I think this text should include a summary of the principle and ensure to note the important requirement that what is considered flows in the inner must not result in being striped over multiple source ports as this may lead to reordering issues due to packets taking different paths.

NAT and TRILL over IP:
Section 8.5:

If one like to use TRILL over IP through a NAT, then there are some very important considerations that are missing. First the need for static binding configurations or the need for determining ones external address(es) and be able to communicate that to the peer RBridges, and in addition ensure that one has keep-alives to that the NAT binding never times out.

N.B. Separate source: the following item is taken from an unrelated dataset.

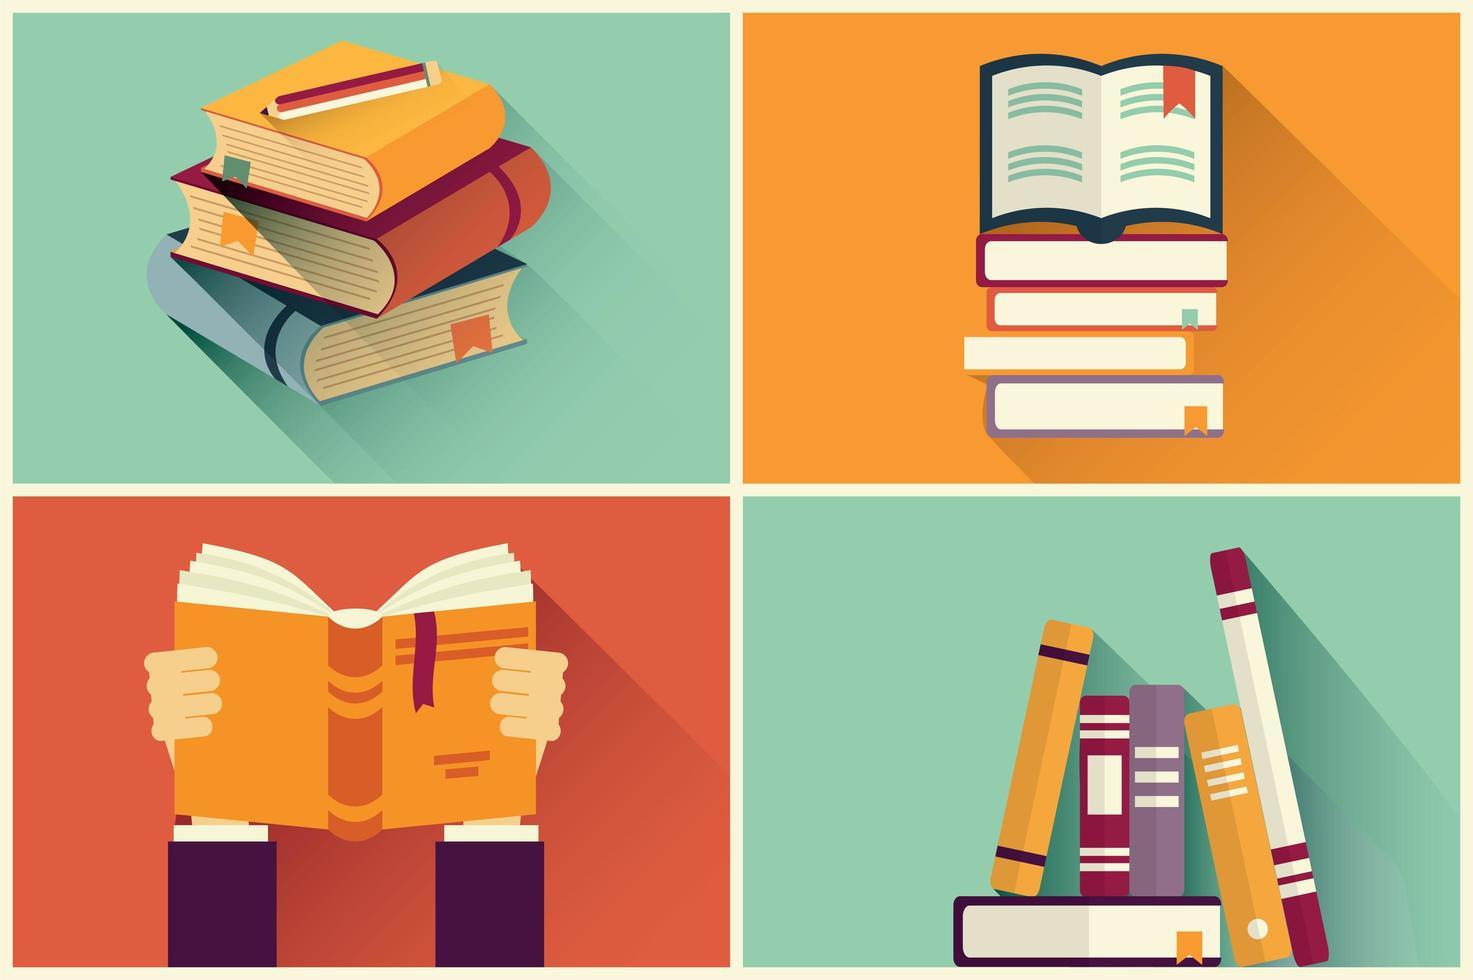 Satz Bücher im flachen Design vektor
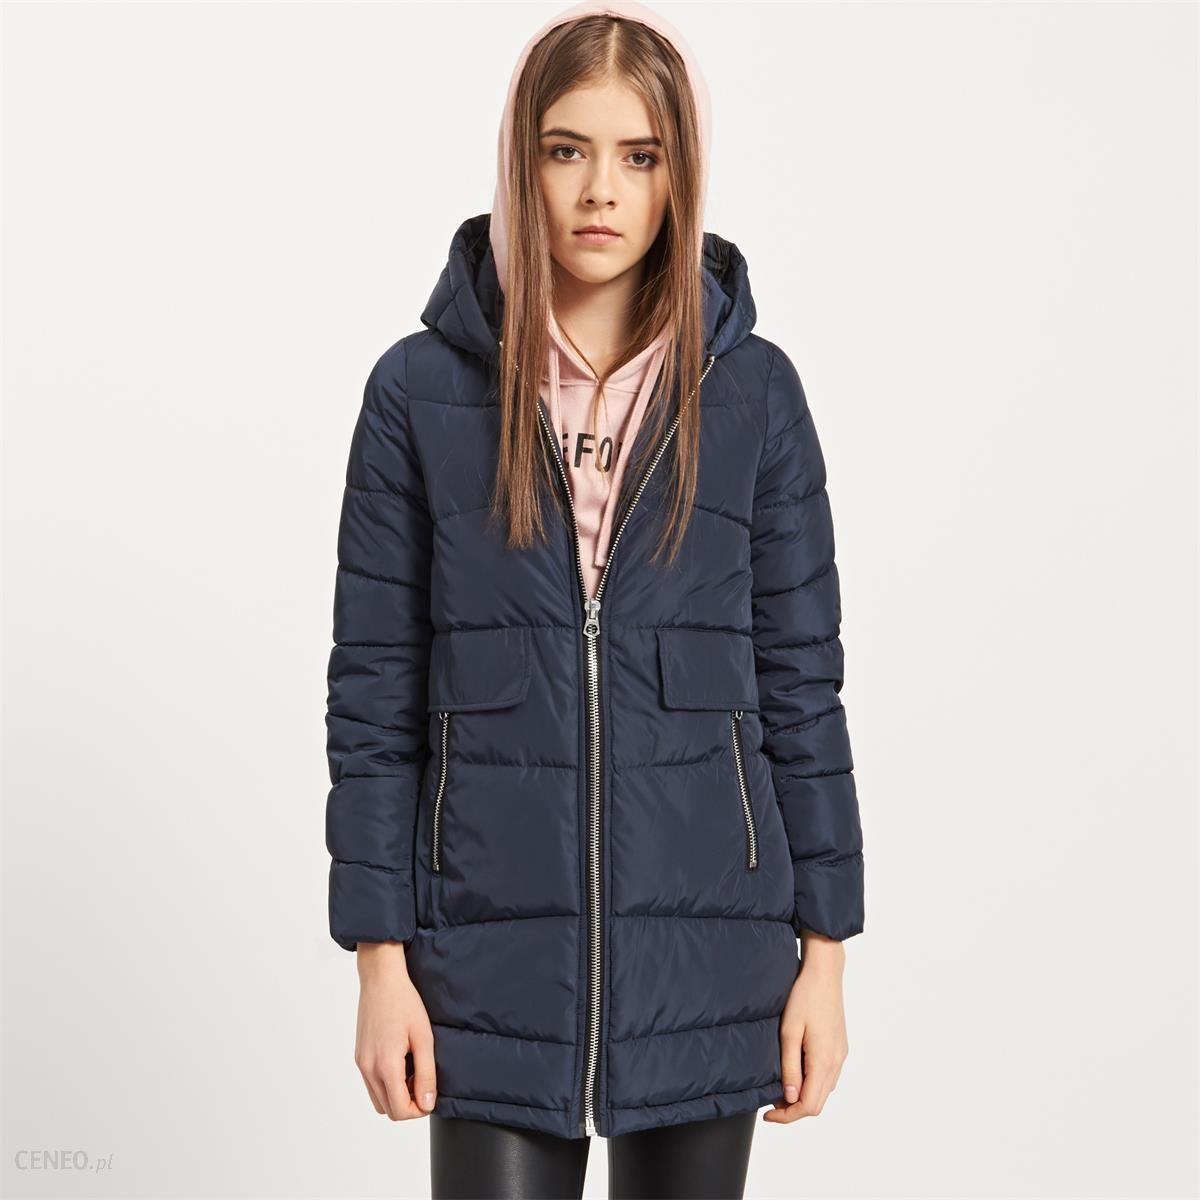 c8b48ad45 Reserved - Pikowana kurtka z kapturem yfl - Granatowy - damska - zdjęcie 1

Next is the issue that there is almost zero chance of getting a IP/UDP encapsulation TRILL payload through the NAT if it results in IP fragmentation, as NATs don't do defragment and refragmented on the internal side, and an IP fragment lacks UDP port and thus can't be matched to binding.

Also if you like to run IP/ESP through a NAT, then you most likely need the IP/UDP/ESP encapsulation ( Note that this will restrict the MTU even further and thus ensure that the 1470 requirement cannot be fulfilled even without additional tunnels over an 1500 bytes MTU Ethernet infrastructure.

I would note that also firewalls likely have issues with IP fragments for the same reason, they require significant amount of state to be verified if they should be let through.

In general I think you should create a configuration that has chance to work through most middleboxes, but I think you should require static bindings. I think that configuration is, and don't laugh now, but IP/UDP/ESP/TCP/TRILL, otherwise you will not be able to have both security and reliable fragmentation of TRILL packets.